## Aim of the task
Return the data below unchanged, without images.

## Information shown

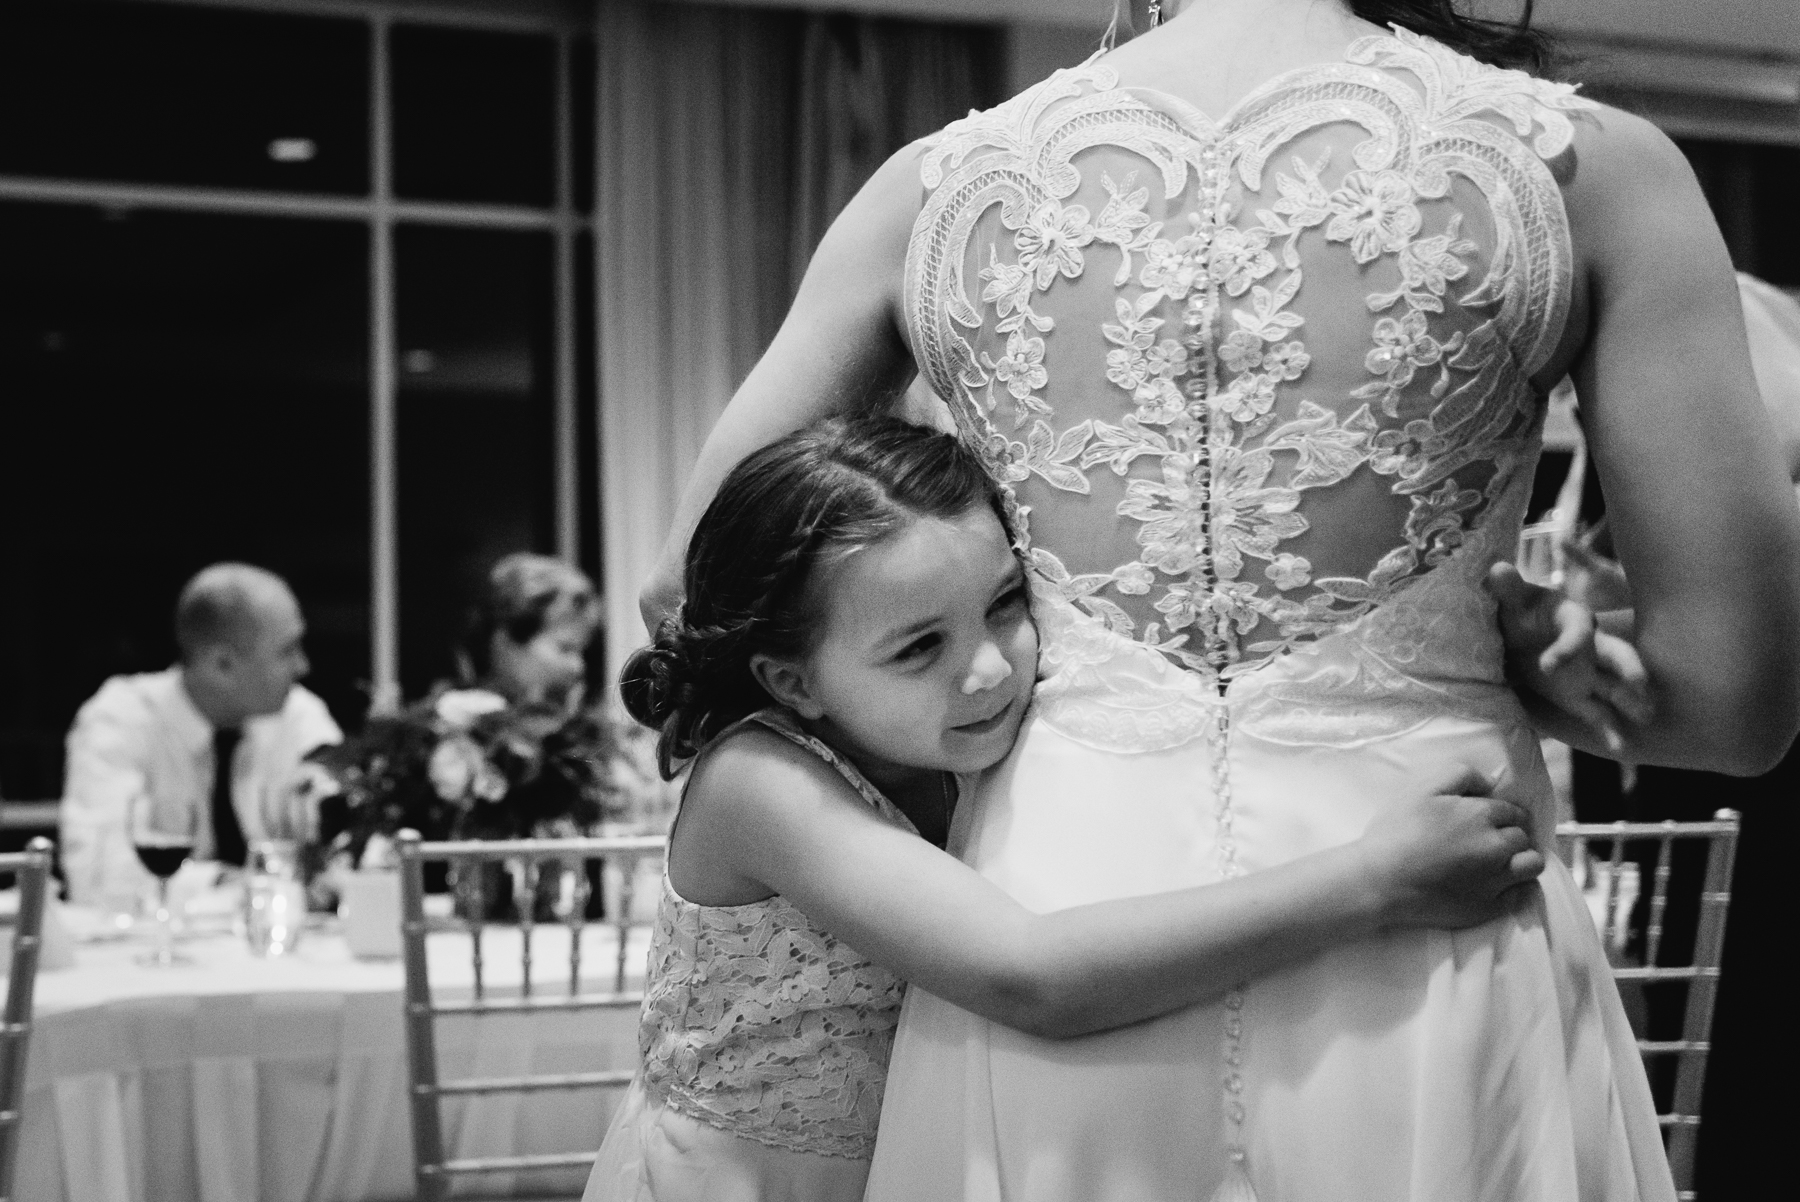 flower girl and bride hugging moment
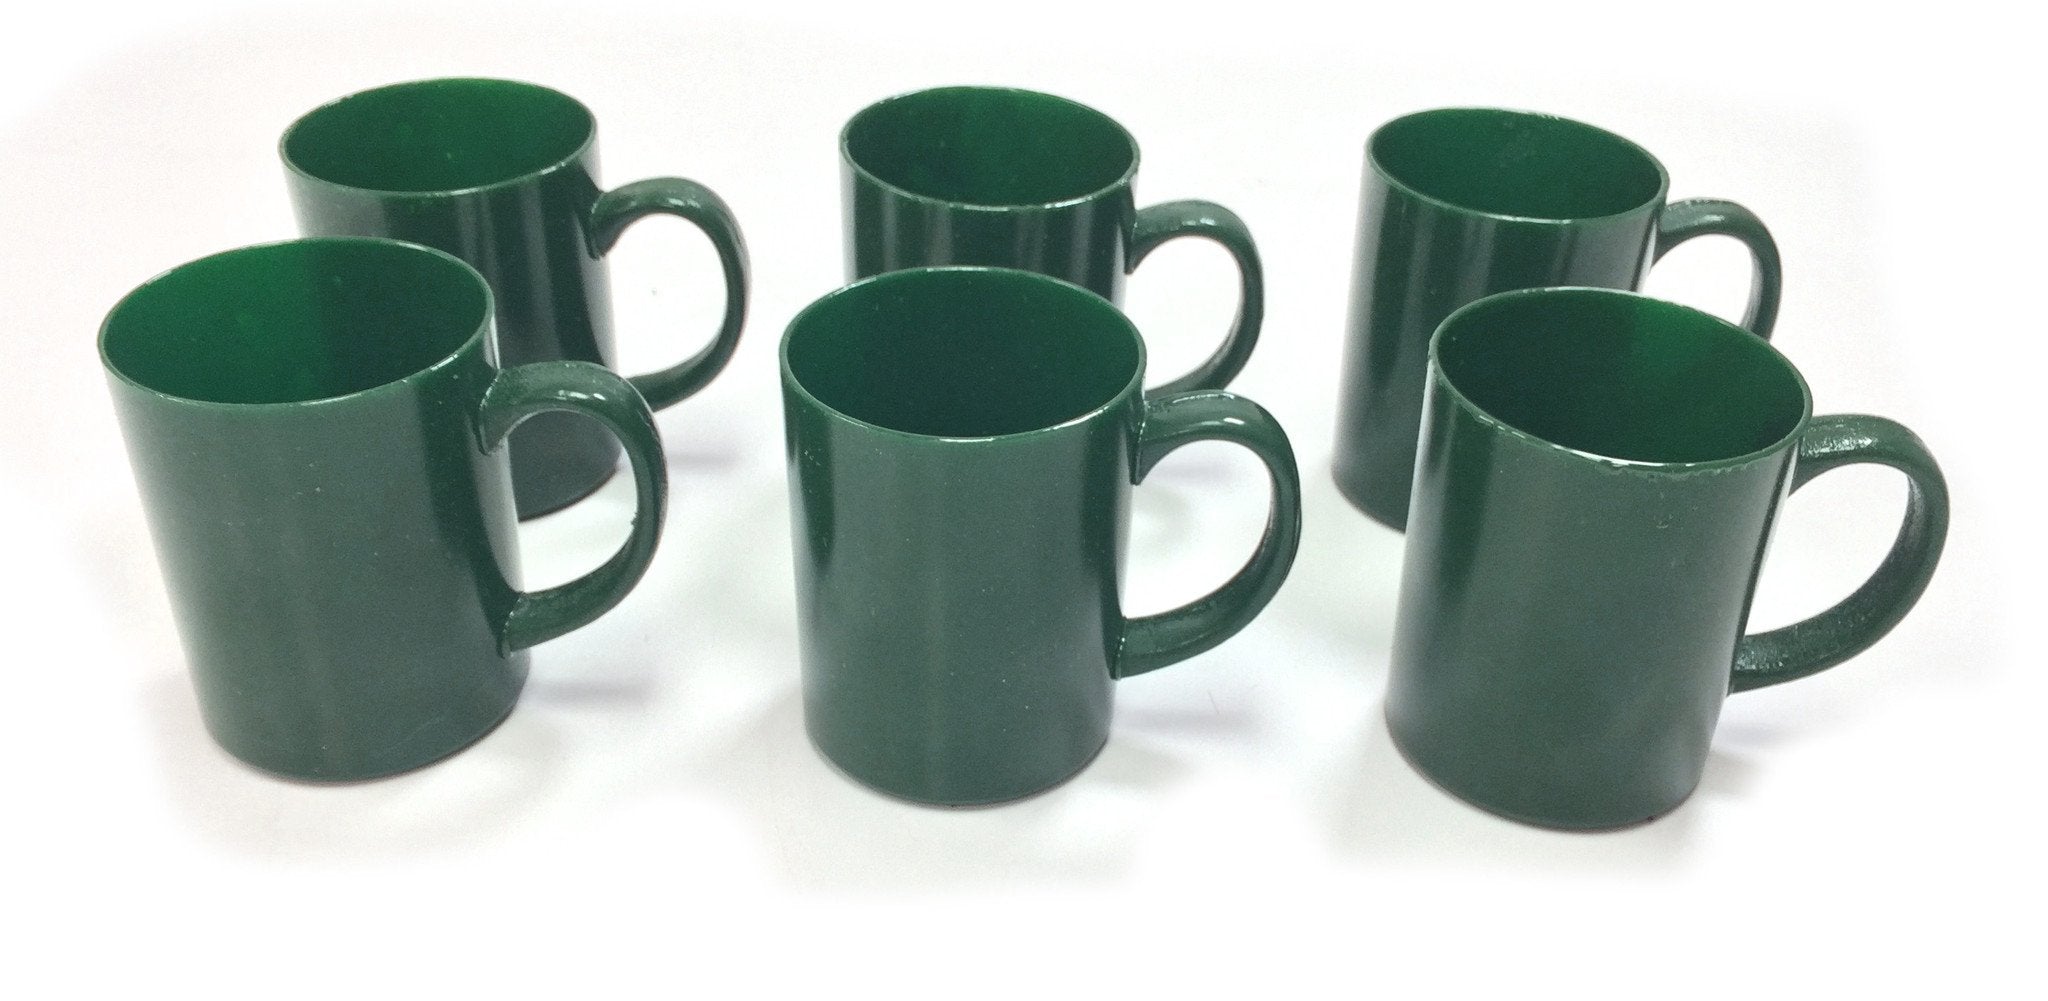 SMASHProps Breakaway Green Coffee Mug - 6 PIECE - DARK GREEN opaque
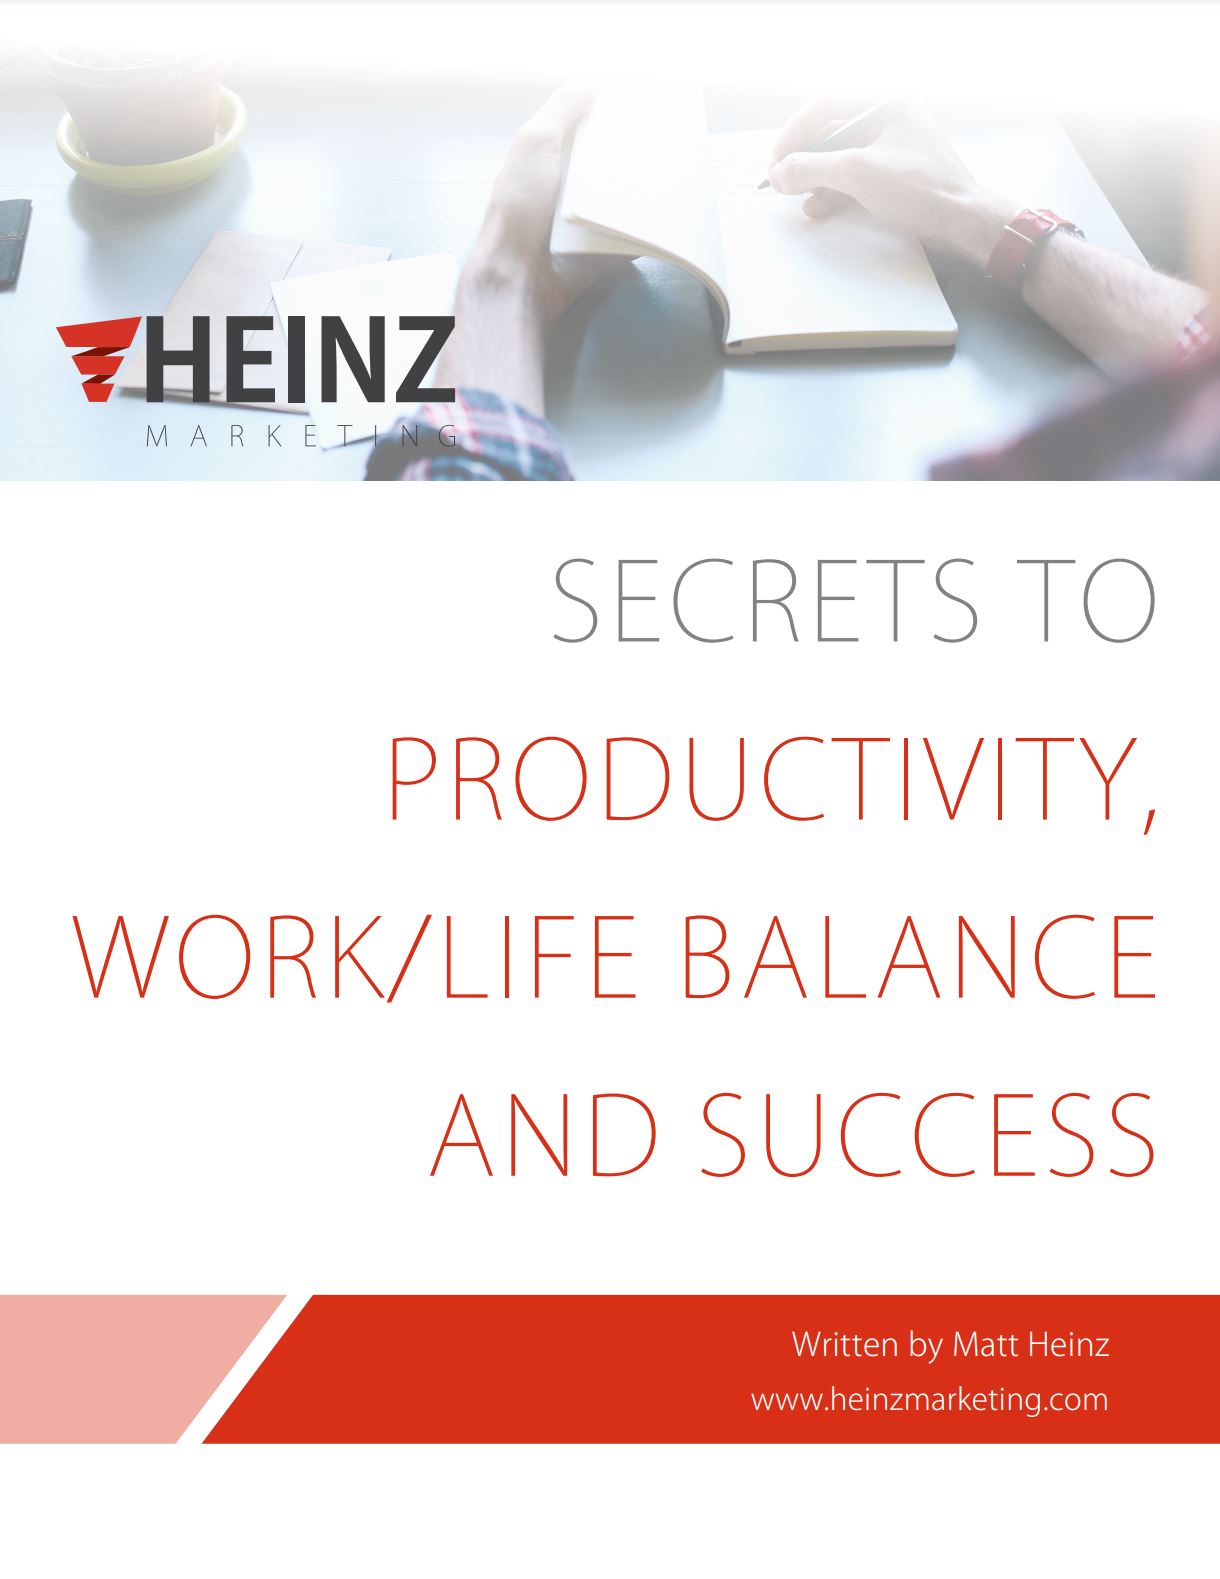 Secrets to Productivity, Work/Life Balance and Success

## Written response
 flower girl and bride hugging moment
 SMASHProps Breakaway Green Coffee Mug - 6 PIECE - DARK GREEN opaque
 Secrets to Productivity, Work/Life Balance and Success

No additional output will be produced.